[Data under study]

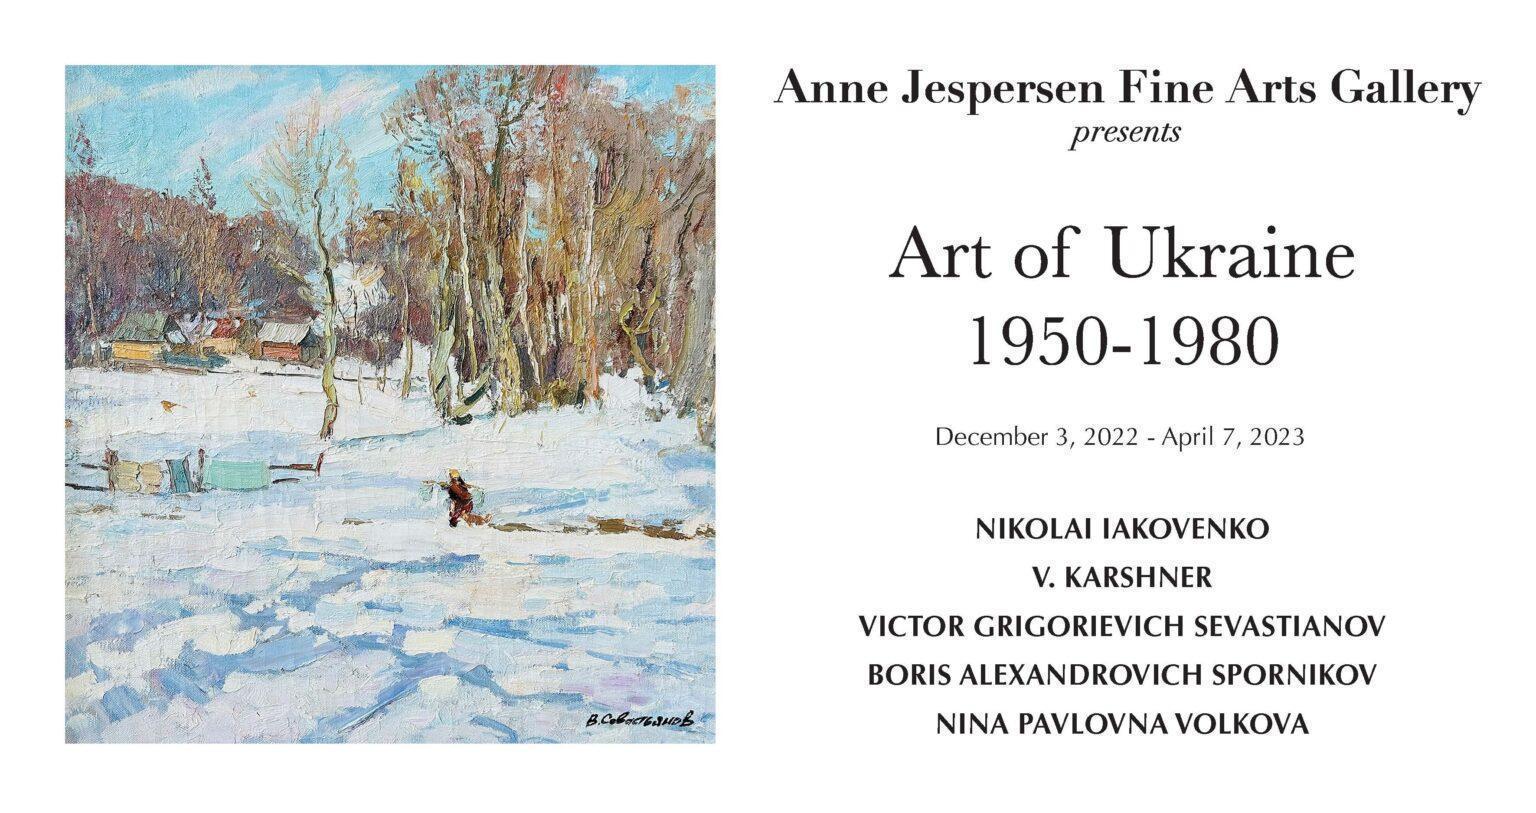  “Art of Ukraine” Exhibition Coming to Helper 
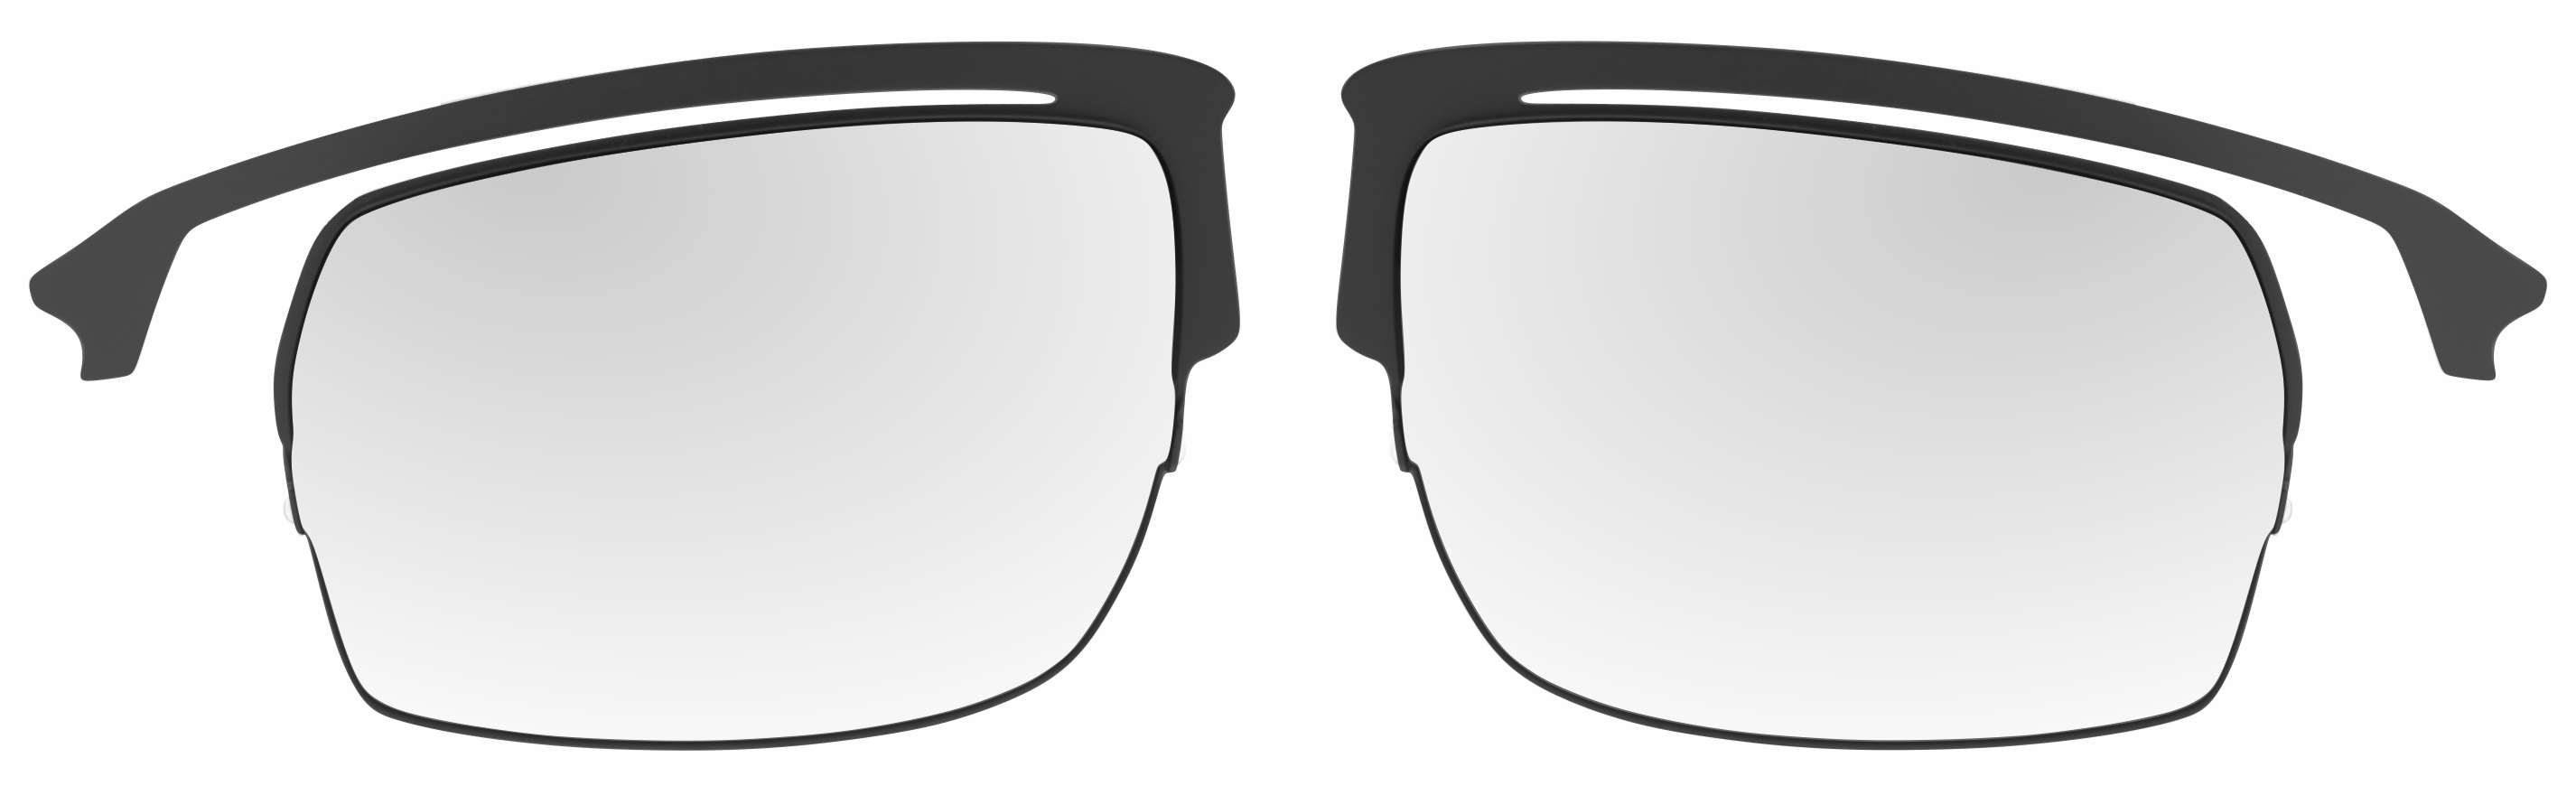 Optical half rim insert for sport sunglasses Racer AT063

[/Data under study]
[Data under study]

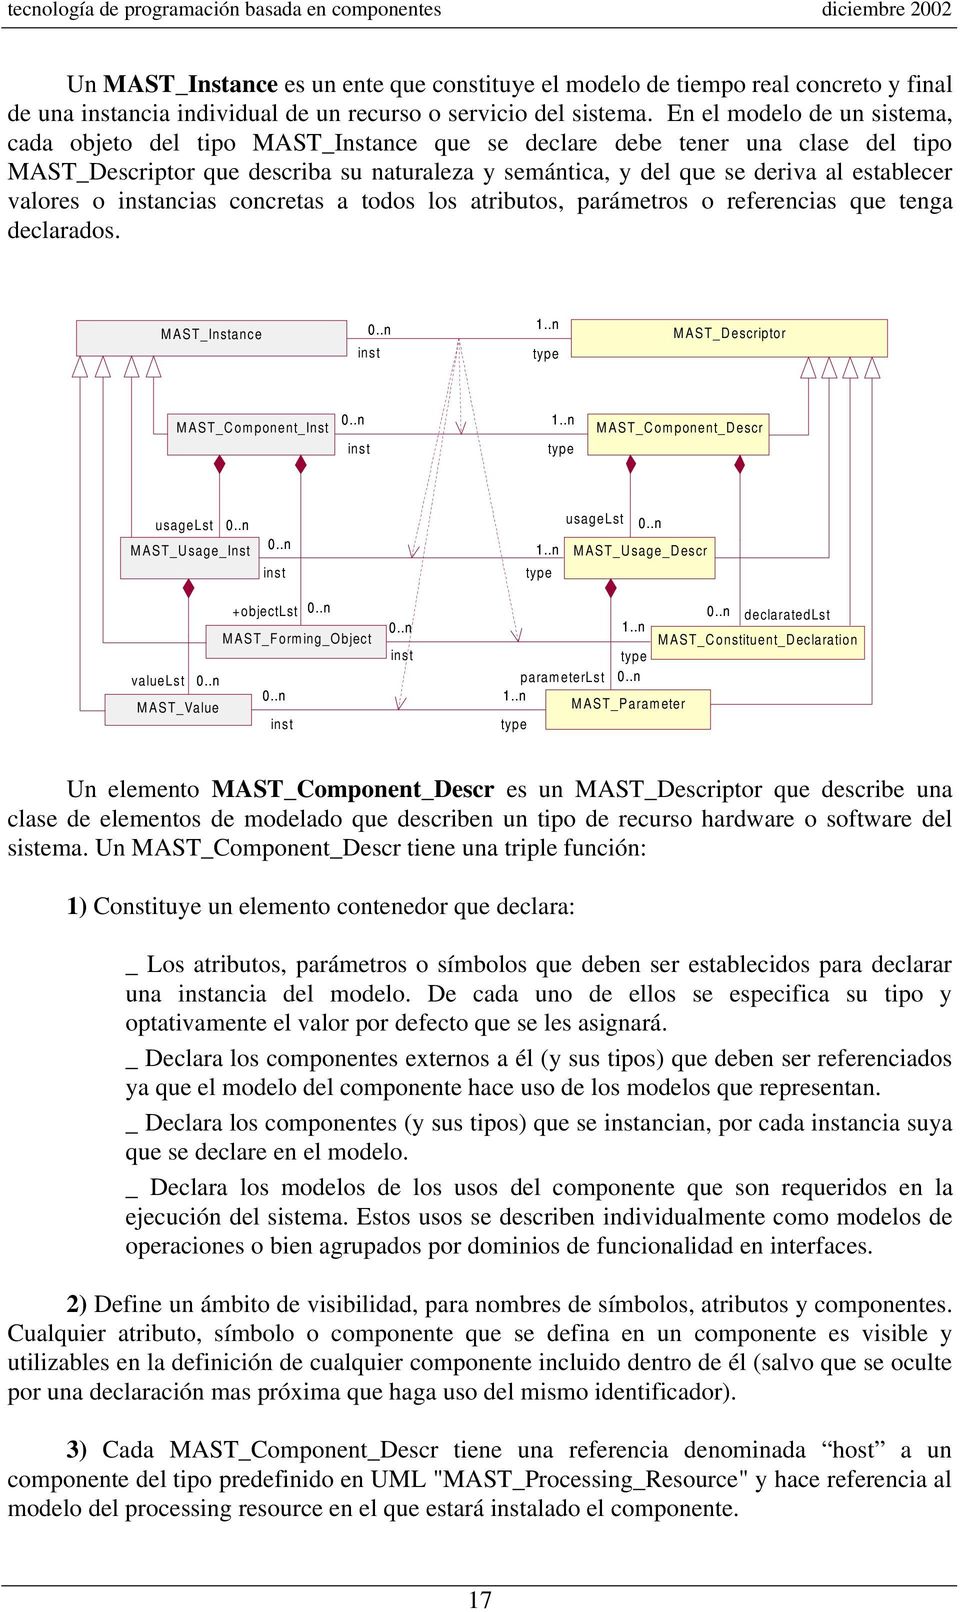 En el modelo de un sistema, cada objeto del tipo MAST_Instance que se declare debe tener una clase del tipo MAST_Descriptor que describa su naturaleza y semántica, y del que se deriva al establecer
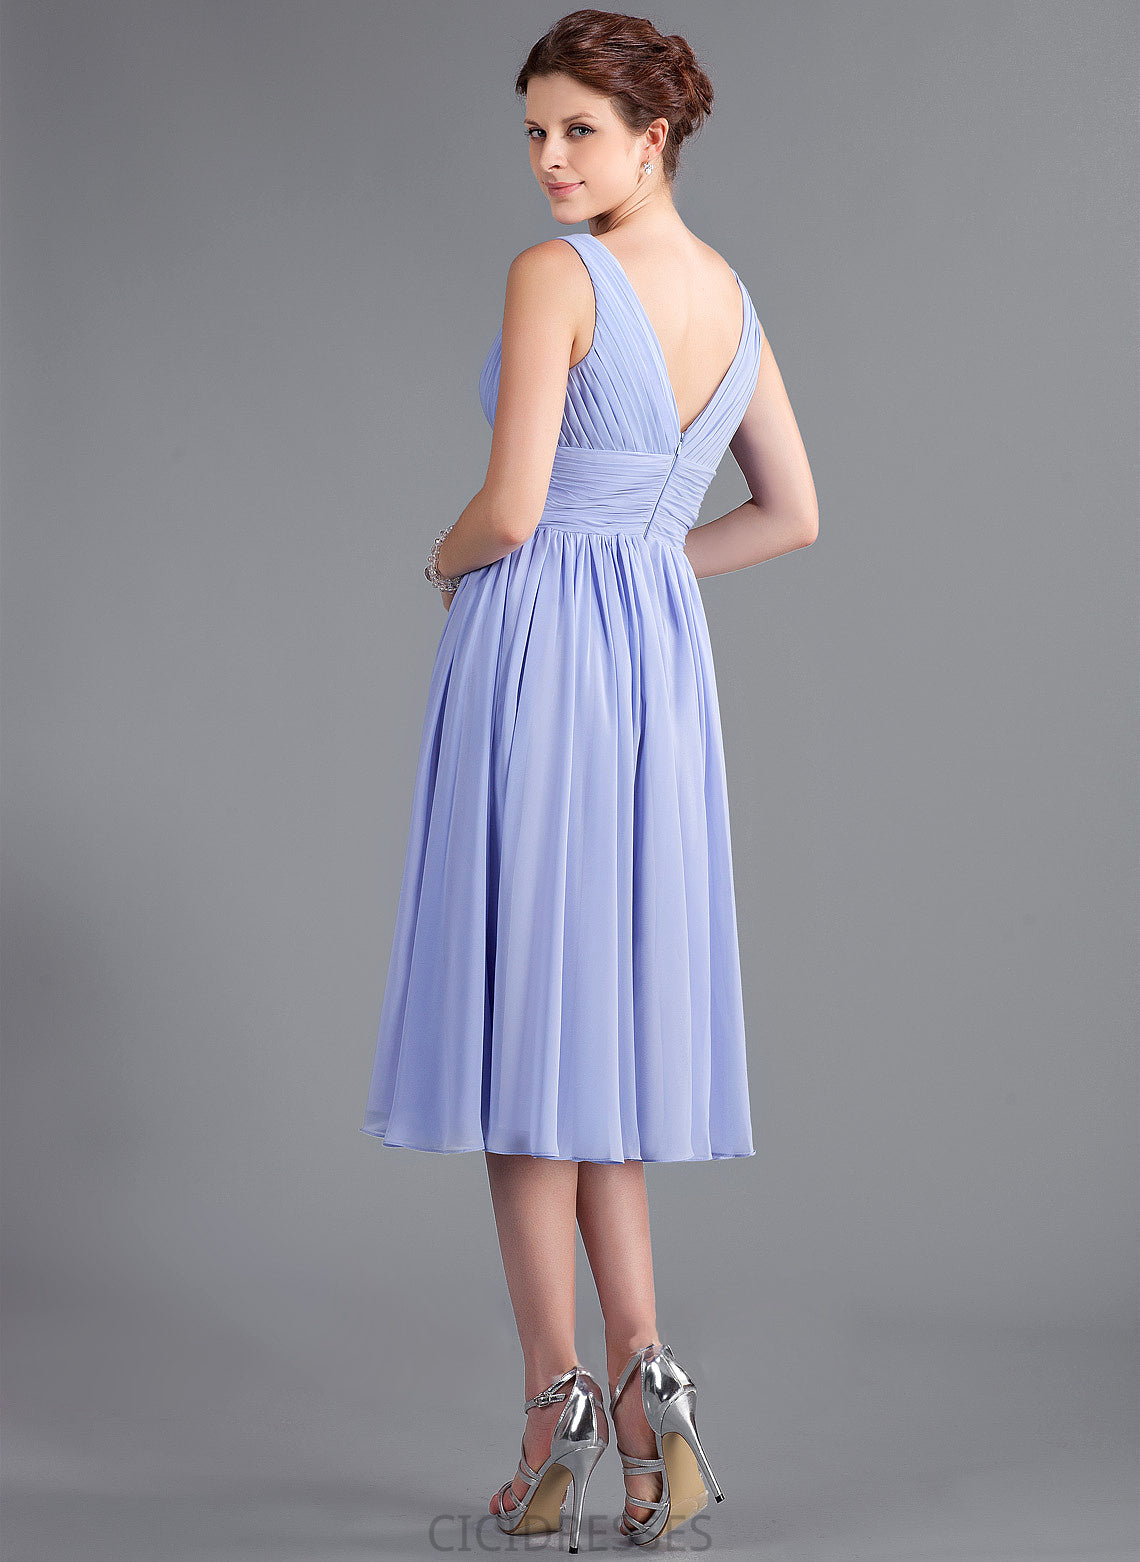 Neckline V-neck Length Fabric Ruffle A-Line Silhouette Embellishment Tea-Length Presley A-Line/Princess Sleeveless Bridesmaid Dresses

[/Data under study]

-- Exercise brief --
Set down again, exactly, every line above from the one with "En el modelo" down to the one with "Neckline V-neck Length", both ends included. No pictures, and nothing else.

-- Task output --
 En el modelo de un sistema, cada objeto del tipo MAST_Instance que se declare debe tener una clase del tipo MAST_Descriptor que describa su naturaleza y semántica, y del que se deriva al establecer
 Neckline V-neck Length Fabric Ruffle A-Line Silhouette Embellishment Tea-Length Presley A-Line/Princess Sleeveless Bridesmaid Dresses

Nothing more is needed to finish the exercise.